October 1, 1851

Impatiens_Bush

 ***

Oct 1st Wednesday.  Put a quilt into the frame in the

sitting room got it in about ten marked it

and quilted awhile and went into the garden

to save some flower seeds.  have got some nice

Balsam seed and a few china pink seed among

others. Passed the afternoon at Olivers with

Mrs Drake & Torrey

Quilting, gardening, and socializing made up Evelina’s day.  She set up a quilt frame in the sitting room and worked on a quilt she had begun about ten days earlier. She couldn’t stay inside, though, as the day was “fair” and “pritty warm for the time of year.”* The sunshine drew her to the garden where she moved through her annuals, saving seeds for next year.

She got “some nice Balsam,” a flower that today we call impatiens. At the time, it was reckoned to be “one of the most prominent ornaments of the garden,”** according to Joseph Breck, a Boston horticulturalist.  Breck’s important guide, his eponymous Book of Flowers, had proved helpful to Evelina earlier in the year and must have been doing so again as she put her garden to bed. Breck particularly admired some of the variegated varieties of Balsam as “decidedly the most elegant.” He had specific advice about saving Balsam seed: “Old seed is considered by some to be the best, as more likely to produce double flowers. The seeds should be saved from double flowering plants only; all single flowering ones should be destroyed as soon as they appear.” Did Evelina follow his advice?

After gardening, Evelina probably changed her dress and went next door to see Sarah Lothrop Ames and her guests, Caroline Drake (Mrs. Lincoln Drake) and another woman, Mrs. Torrey. The two guests may have been related to one another (Caroline’s maiden name was Torrey.) They had no immediate connection to Col. John Torrey, however, who appeared often in Evelina’s journal.

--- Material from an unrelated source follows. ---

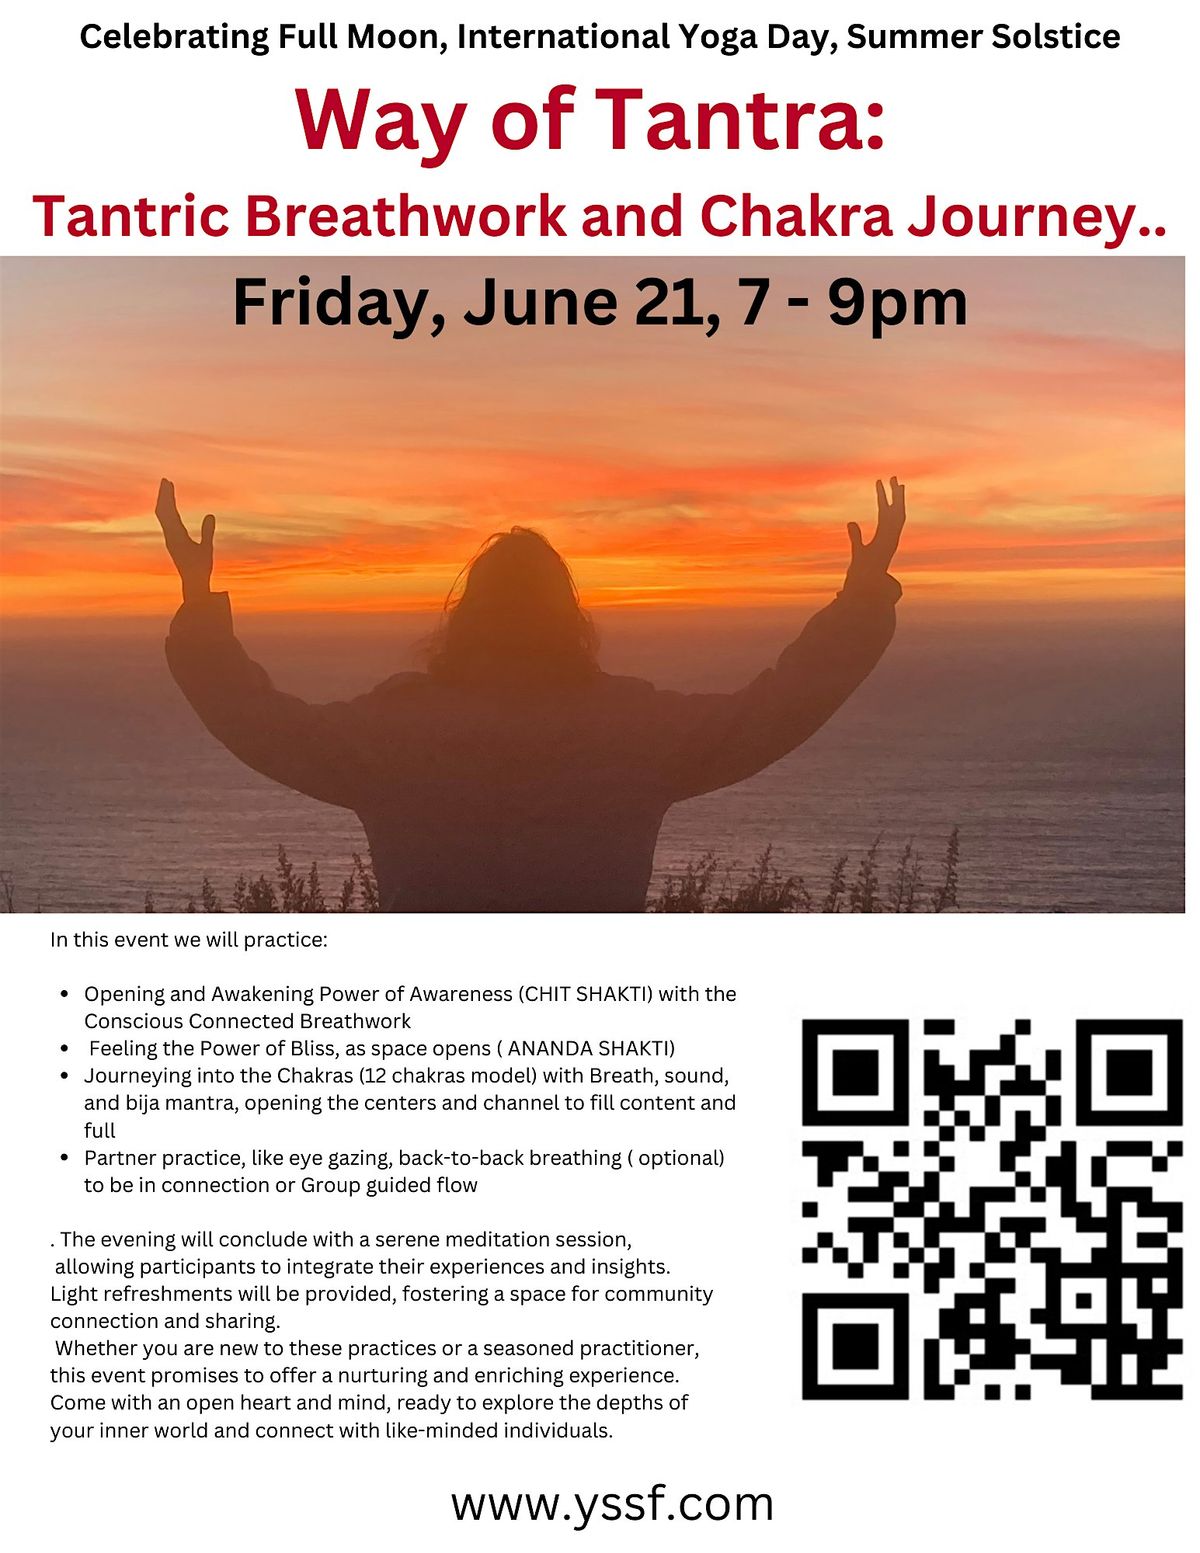 Way of Tantra: Breathwork Workshop: Journey to Blissful Awareness!

The women would have sat, had tea and chatted – a pleasant occupation on a pleasant day.

 

* Oliver Ames, Journal, Courtesy of Stonehill College Archives

** Joseph Breck, Book of Flowers, Boston, 1851, pp. 185 – 186

*** Heirloom impatiens balsamina, Courtesy of edenbrothers.com

 

May 7, 1851

Thread

Wednesday May 7th  Orinthia went to Boston this morning

with Abby Torrey after she left I went into Olivers

on an errand and stopt a long while as I am

sure to do when I ought not and then went into the

other part of the house to bid Mrs Stetson good

by (as Mrs S Ames and Frank went with her to Bridgewater)

and Mrs Lincoln Drake rode up and saw me by

the window and I was obliged to see her, thus the day passed

and I accomplished very little Went with Mrs Witherell

to the sewing circle at Daniel Clarkes

 

The Sewing Circle held its monthly meeting today, this time at the home of Daniel and Elvira Clark.  Roughly contemporary in age to Oakes and Evelina, the Clarks were members of the Unitarian Church.  Daniel was a carpenter who occasionally did work for the Ames family. Elvira, like Evelina, was a housewife with teenaged children.  She and Evelina visited together last Sunday during the intermission between sermons.

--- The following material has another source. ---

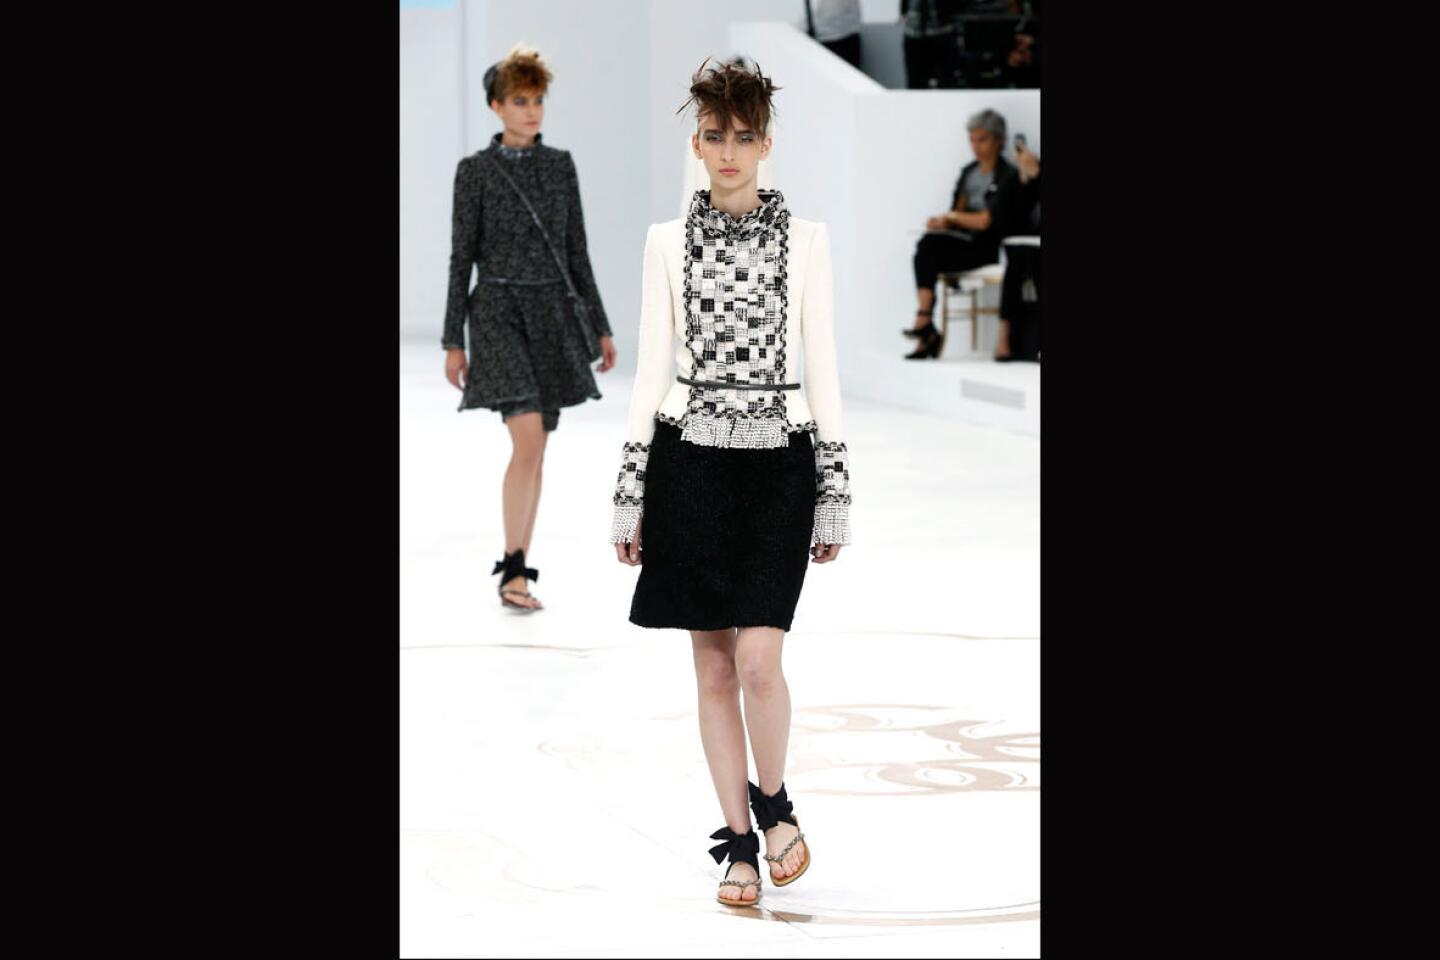 Chanel's haute couture show borrows from modern architecture - Los

So much socializing went on today that Evelina had to chastise herself – “I am sure to do what I ought not” – when she spent too much time next door visiting her sister-in-law, Sarah Lothrop Ames. Sarah must have been feeling better; although she didn’t go with Evelina and Sarah Witherell to the Sewing Circle, she had improved enough not only to have a good, long chat with Evelina, but also to have an outing to Bridgewater, which she was “carried to” by her nephew Frank Morton Ames.

Evelina stopped in at Sarah Witherell’s to say goodbye to Mrs. Stetson, a friend of the family who was departing for Bridgewater, too. She then was spotted by Caroline Torrey Drake, a friend who stopped in for a visit. Mrs. Drake, a woman in her early fifties, was the mother of eight children: five girls followed by three boys.  Her first child was born when she was 20, her last child when she was 45.  Now that’s childbearing!